The skyscraper being built outside Dakar by underpaid construction workers is a thick spar tapered to a point, massive and looming over everything around it. The air hangs thick and hazy from the crashing Atlantic, and at night, with the winking light atop it, the tower looks like it is piercing the sky itself, a tooth or talon scratching the low dark blue clouds. During the day, everything is pale, a sky somewhere between dust and mist, the rolling sun-bleached sea the same color as Ada’s light chambray top—the top her boyfriend Souleimane would love to get inside of, but it is its sister blue sea that he will vanish into instead.
Atlantics (Atlantique) is a movie about the impact of labor migration on the communities left behind, told through a love story, told in turn through a ghost story. It has a hypnotic pace, the cinematography and score and editing artful and cool—at one moment elliptical, the other looking right at you. It reminded me a bit of fellow French filmmaker Claire Denis (Beau Travail, High Life), whom director Mati Diop has worked with as an actress. I also found myself thinking of Ana Lily Amirpour’s A Girl Walks Home Alone At Night, which I feel held its own supernatural elements with a somewhat similar hand.

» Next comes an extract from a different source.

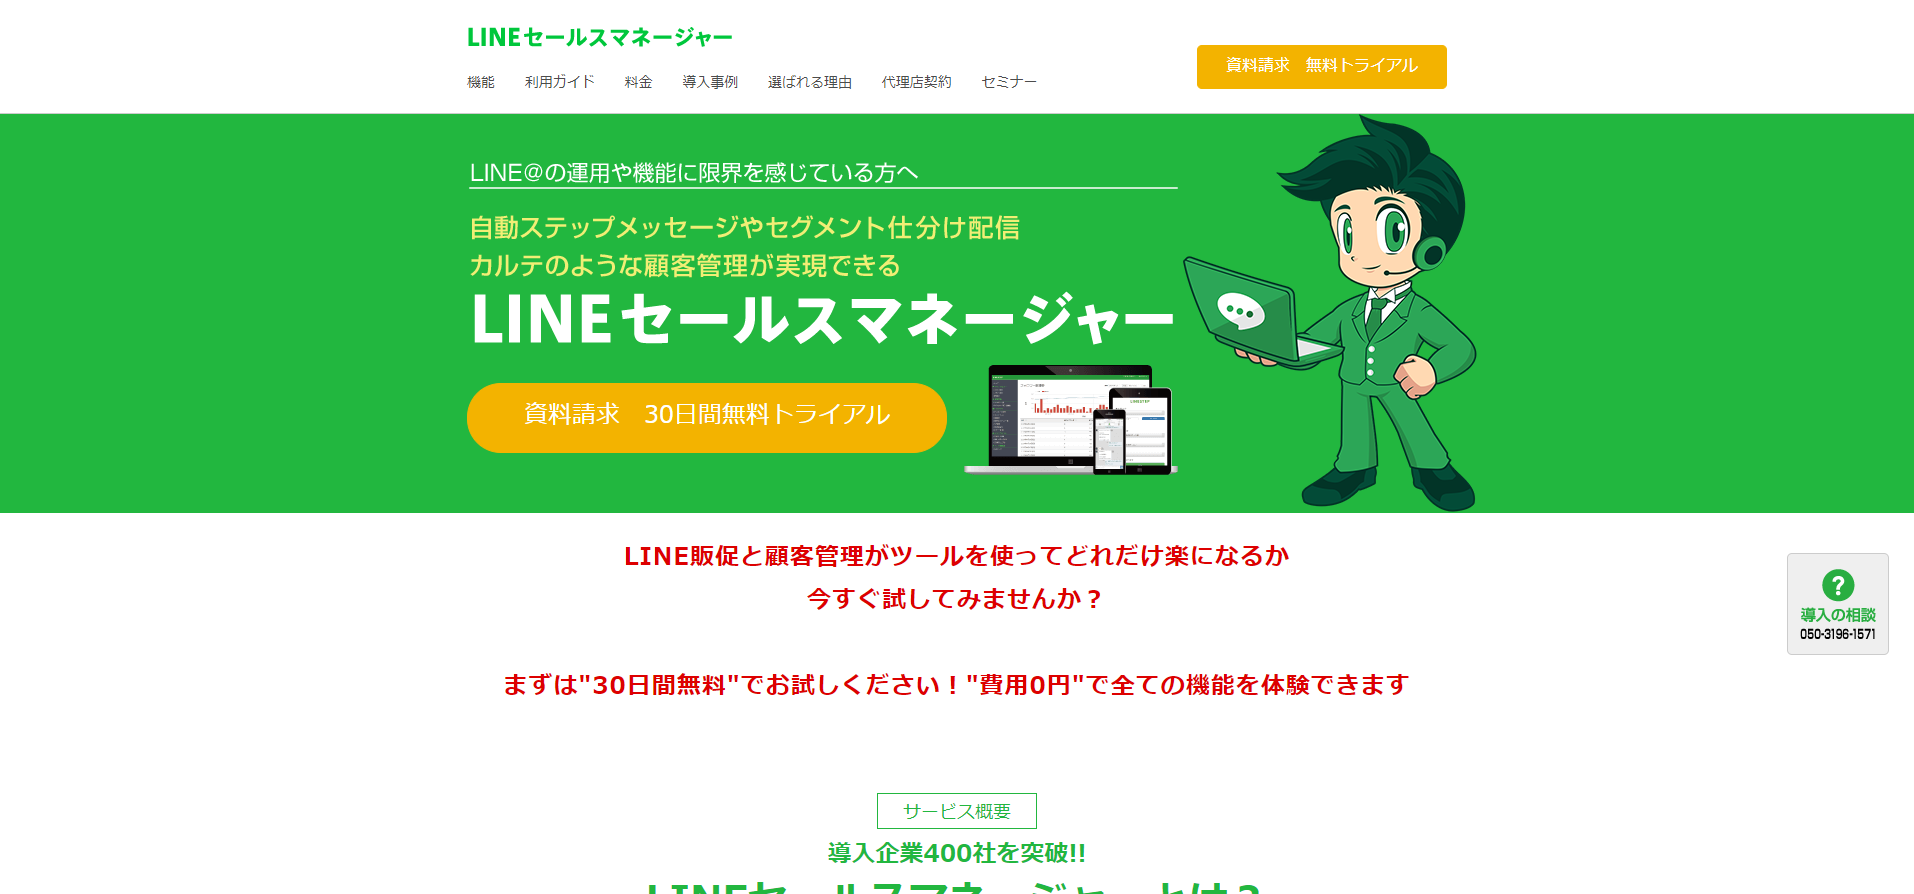 LINE@ 代理店

But Atlantics’ interests are also very much its own. Atlantics has waves, it has fever, and the sun going down. It has a quiet nightclub open to the sea with only women in it, and fires keep starting around town. There is both ambiance and economics here, an inherently modern core and outlook in a fable-like tale of a haunting. It’s mournful, passionate, eerie, vindictive, and dreamy. It’s a mood, and I was in it.